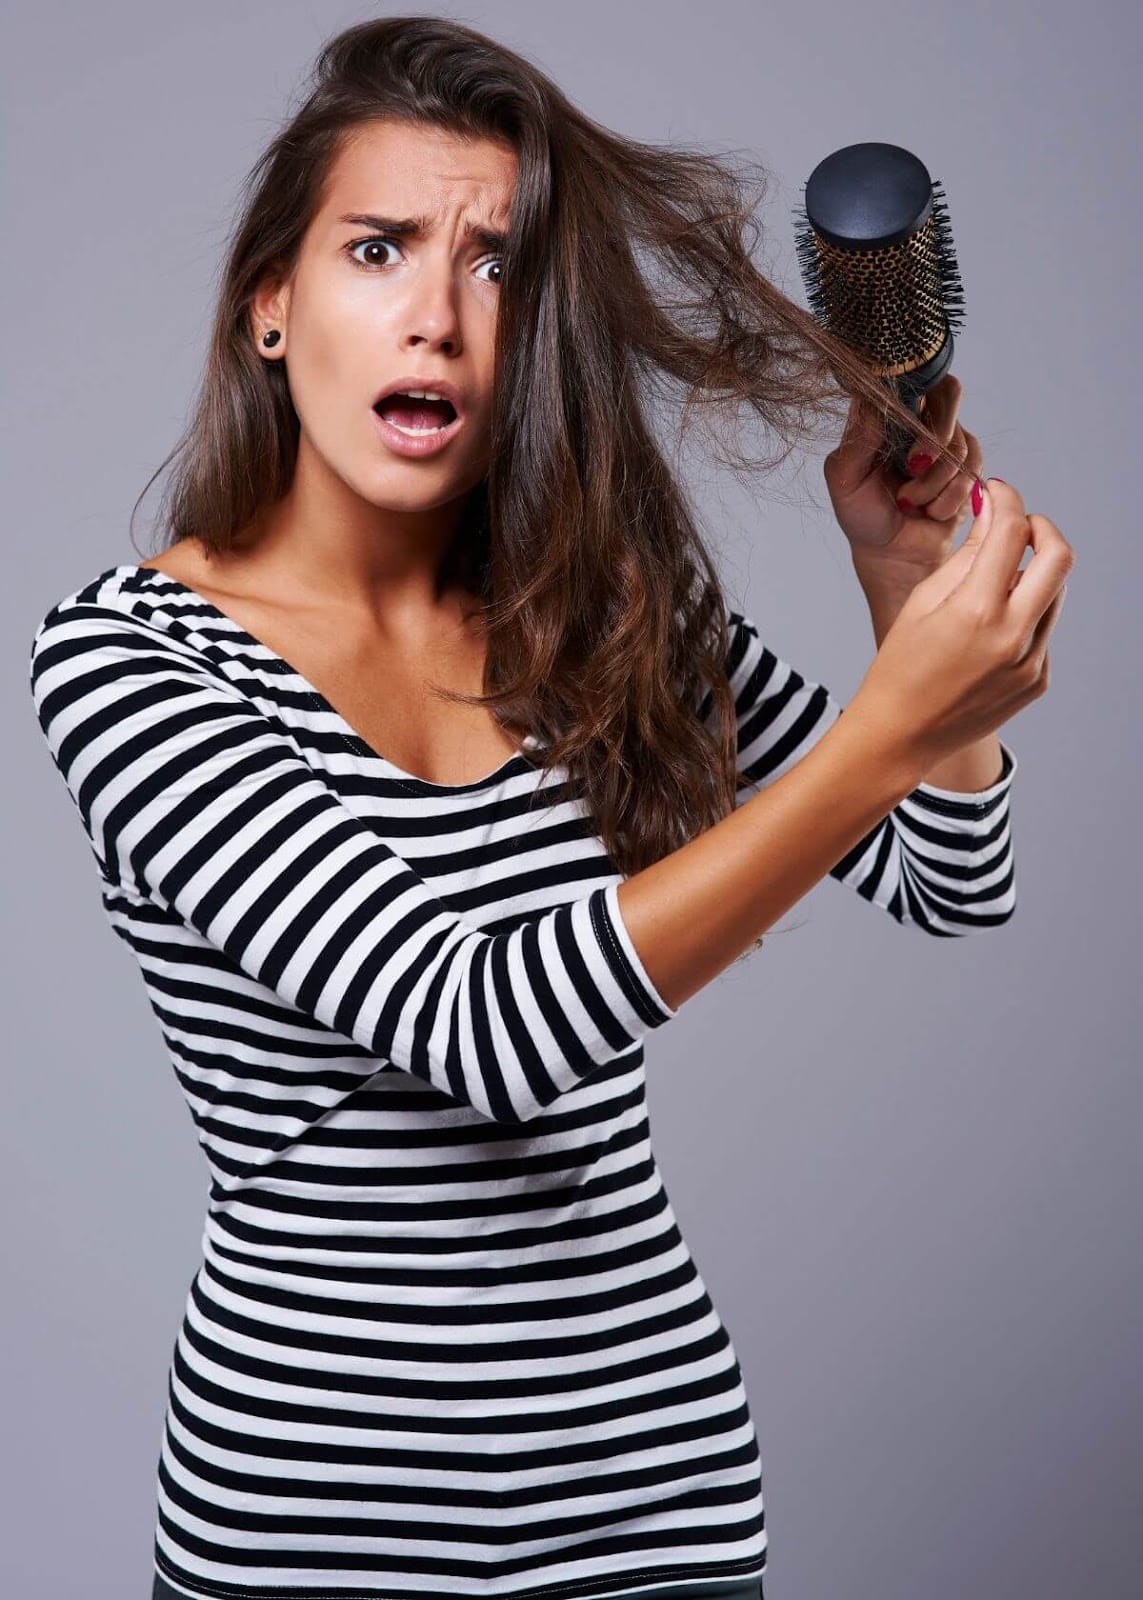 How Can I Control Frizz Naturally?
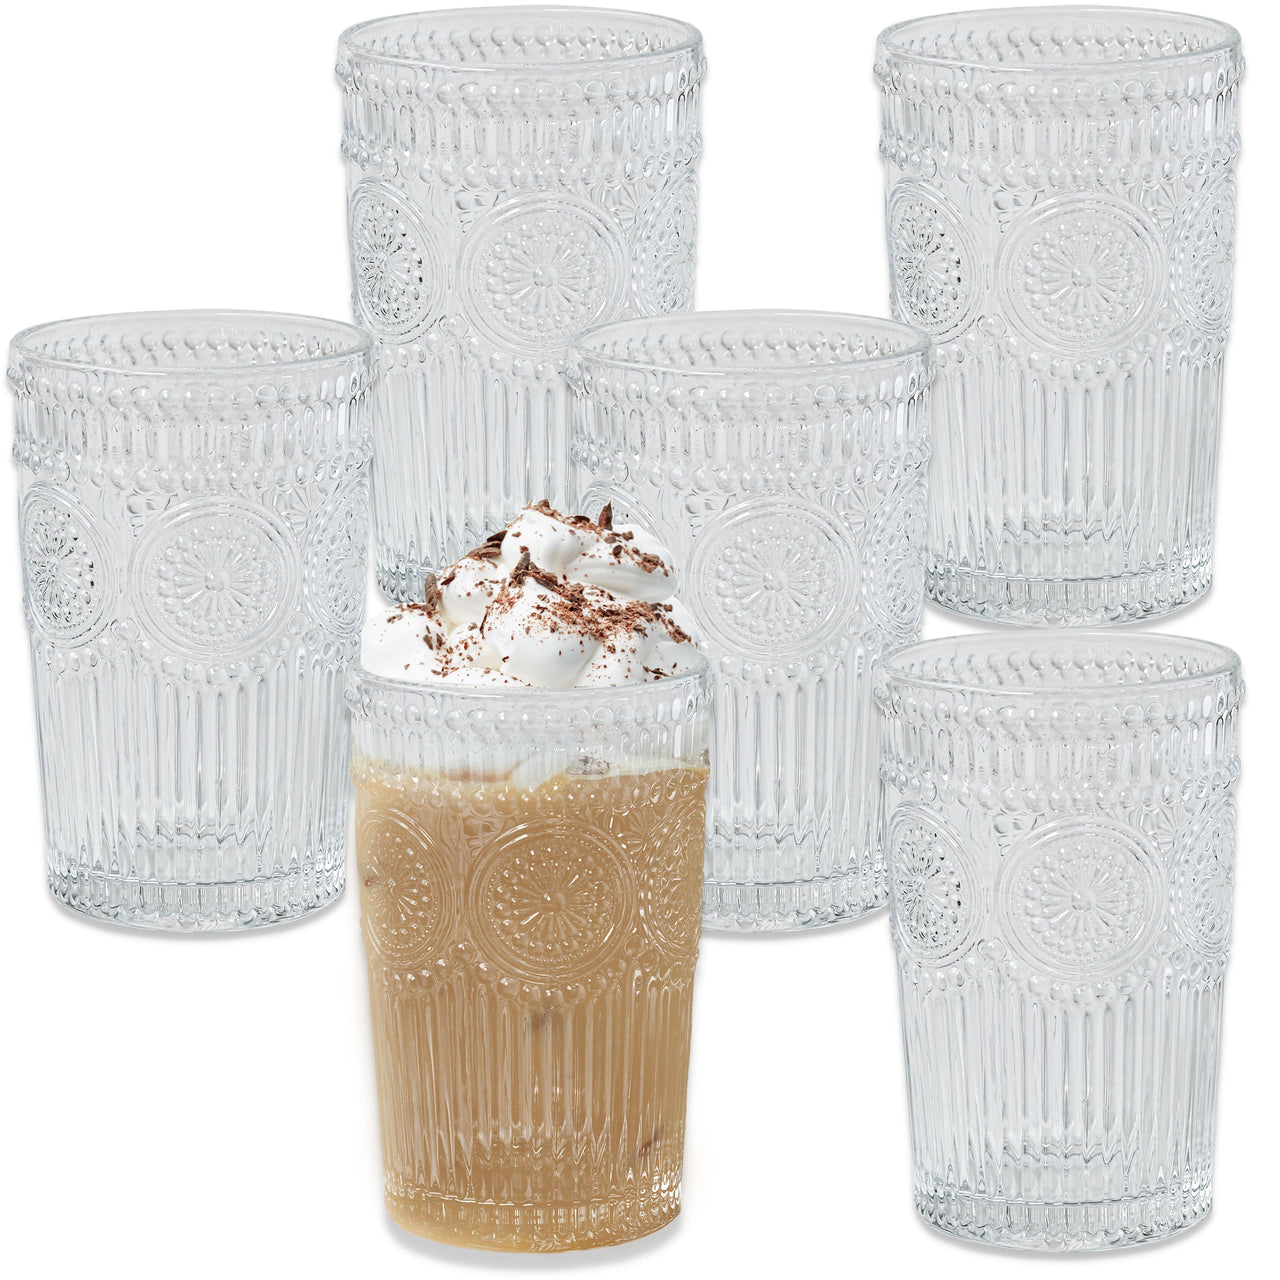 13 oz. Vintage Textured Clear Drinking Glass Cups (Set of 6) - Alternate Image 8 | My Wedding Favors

○ ○ ○ ○ ○ ○ ○

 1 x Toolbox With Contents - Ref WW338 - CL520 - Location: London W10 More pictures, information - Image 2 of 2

○ ○ ○ ○ ○ ○ ○

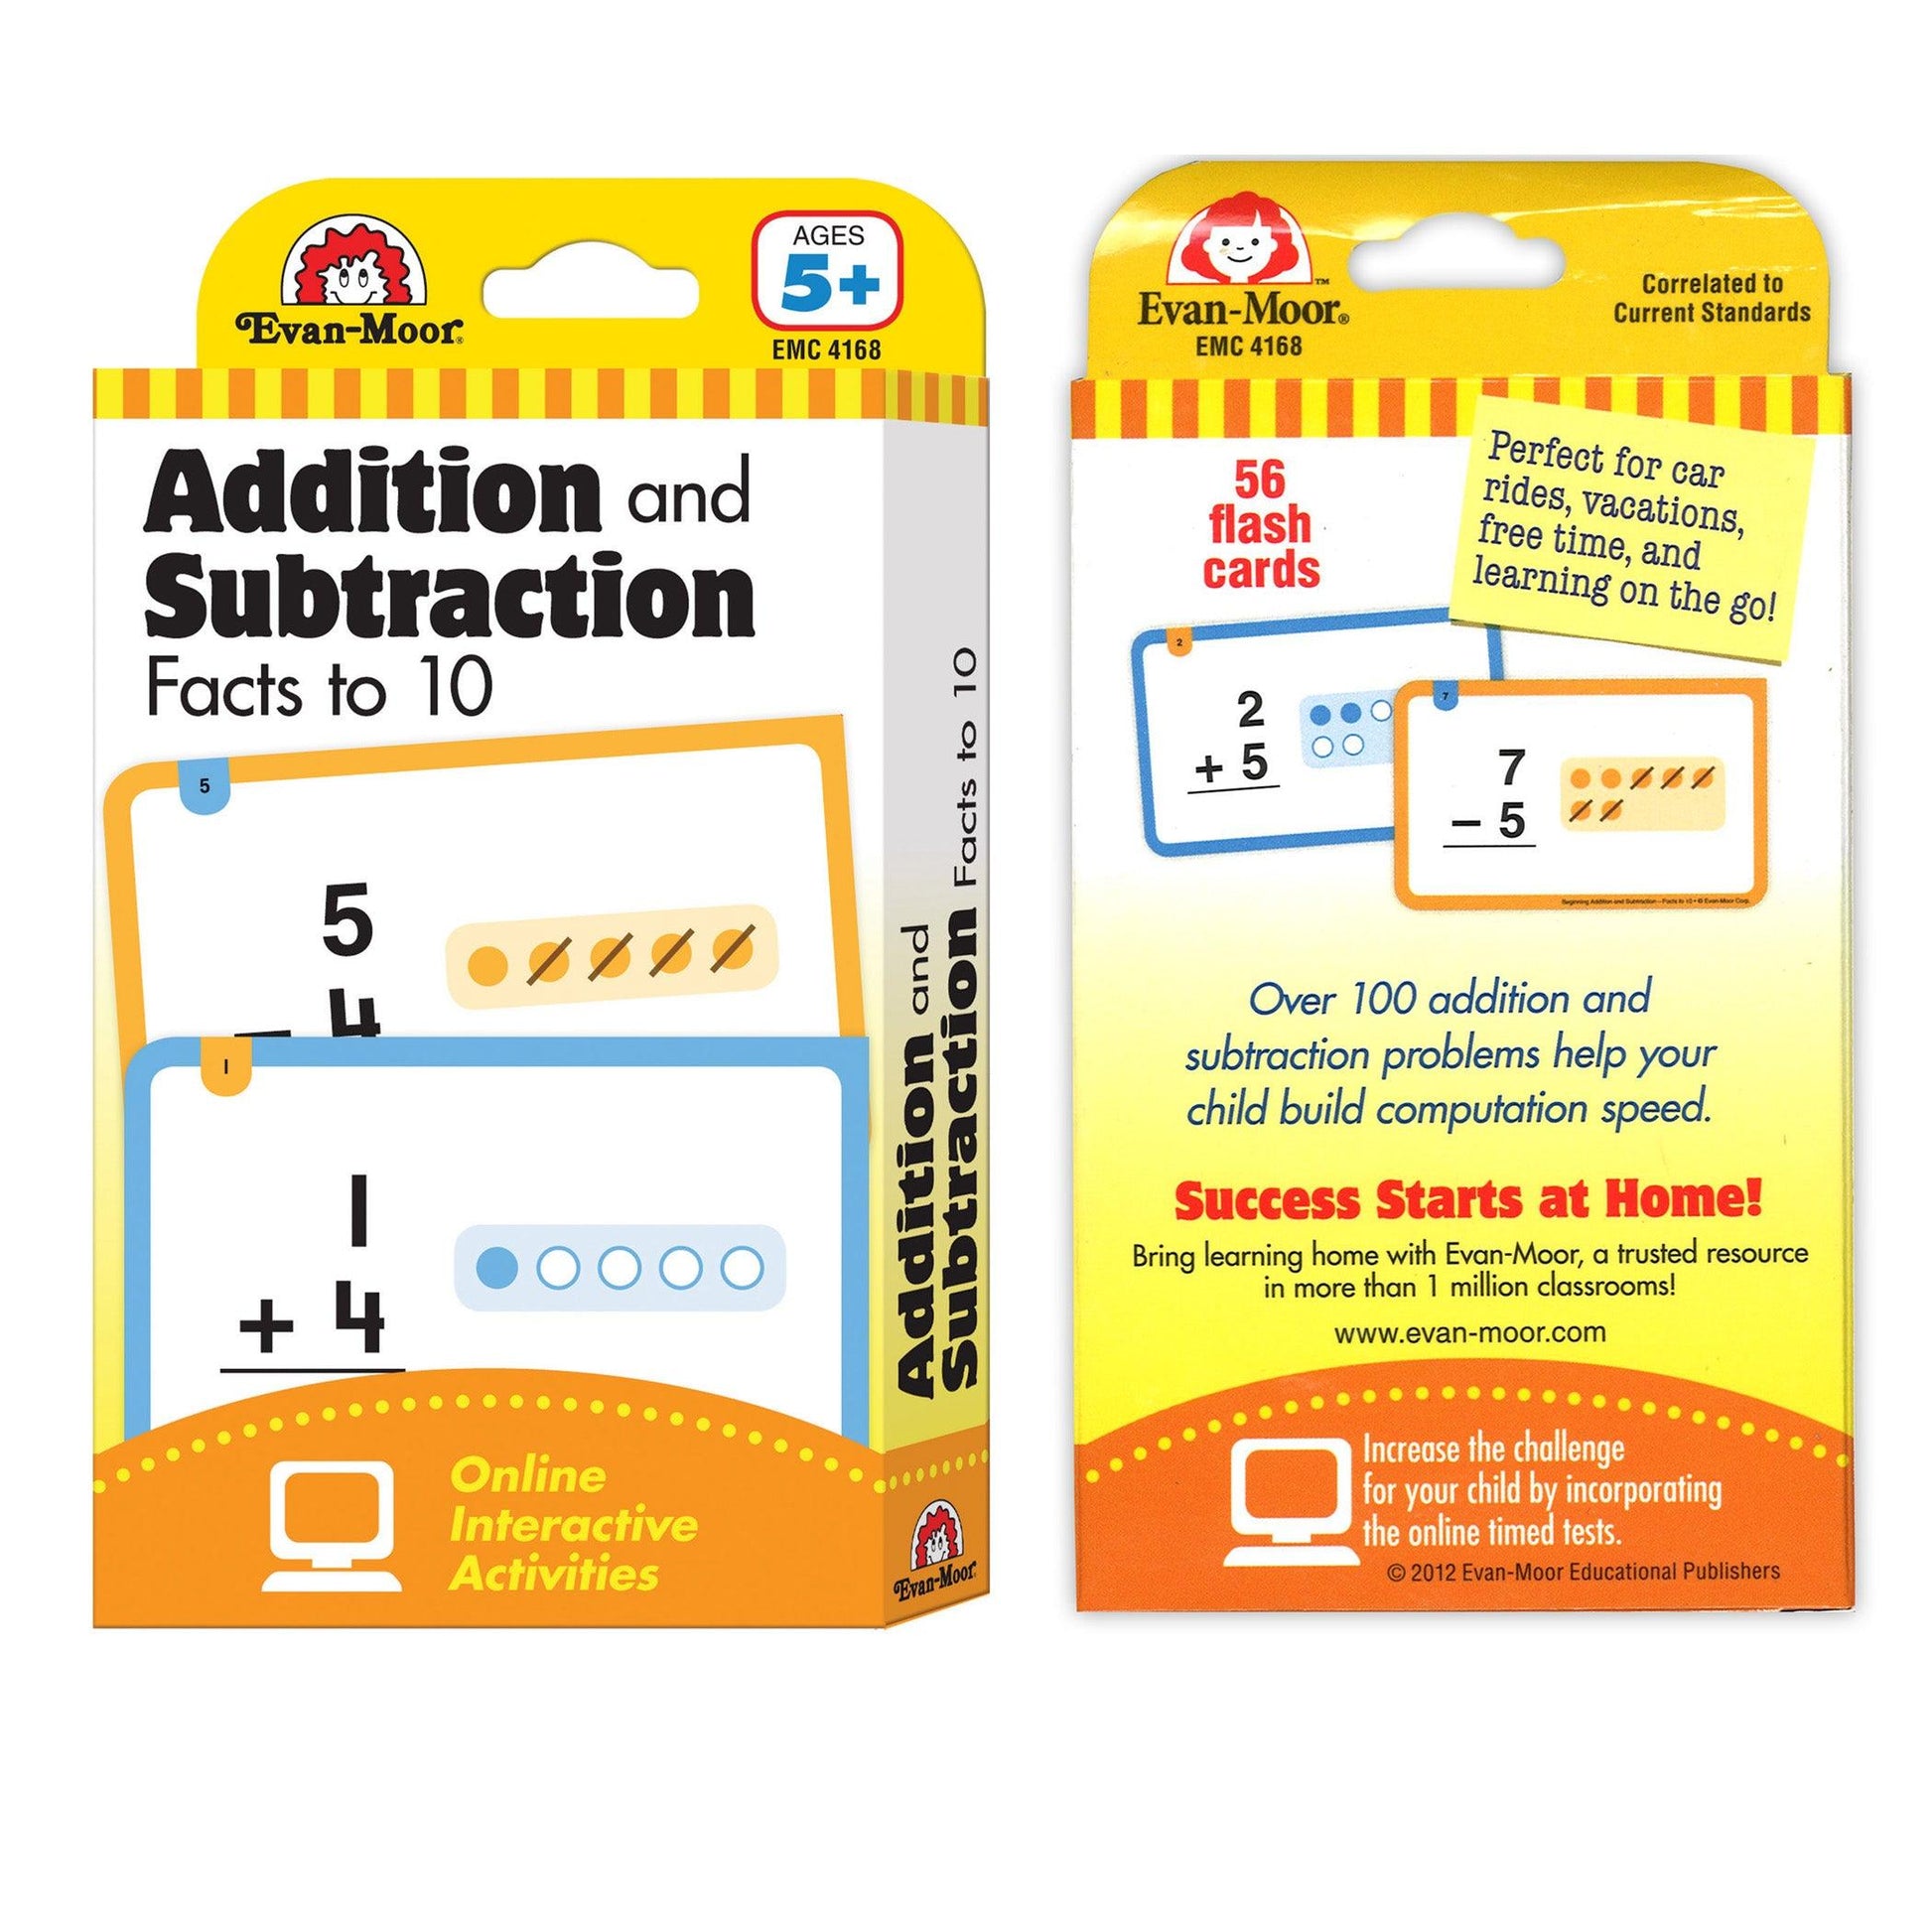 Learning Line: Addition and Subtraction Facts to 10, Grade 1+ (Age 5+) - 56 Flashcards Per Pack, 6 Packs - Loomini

○ ○ ○ ○ ○ ○ ○

# Task details:
Return only the part above that opens with the line containing "How Can I Control Frizz Naturally?" and closes with the line containing "13 oz. Vintage", exactly and with both ends, skipping the pictures.

# Exercise solution:
 How Can I Control Frizz Naturally?
 13 oz. Vintage Textured Clear Drinking Glass Cups (Set of 6) - Alternate Image 8 | My Wedding Favors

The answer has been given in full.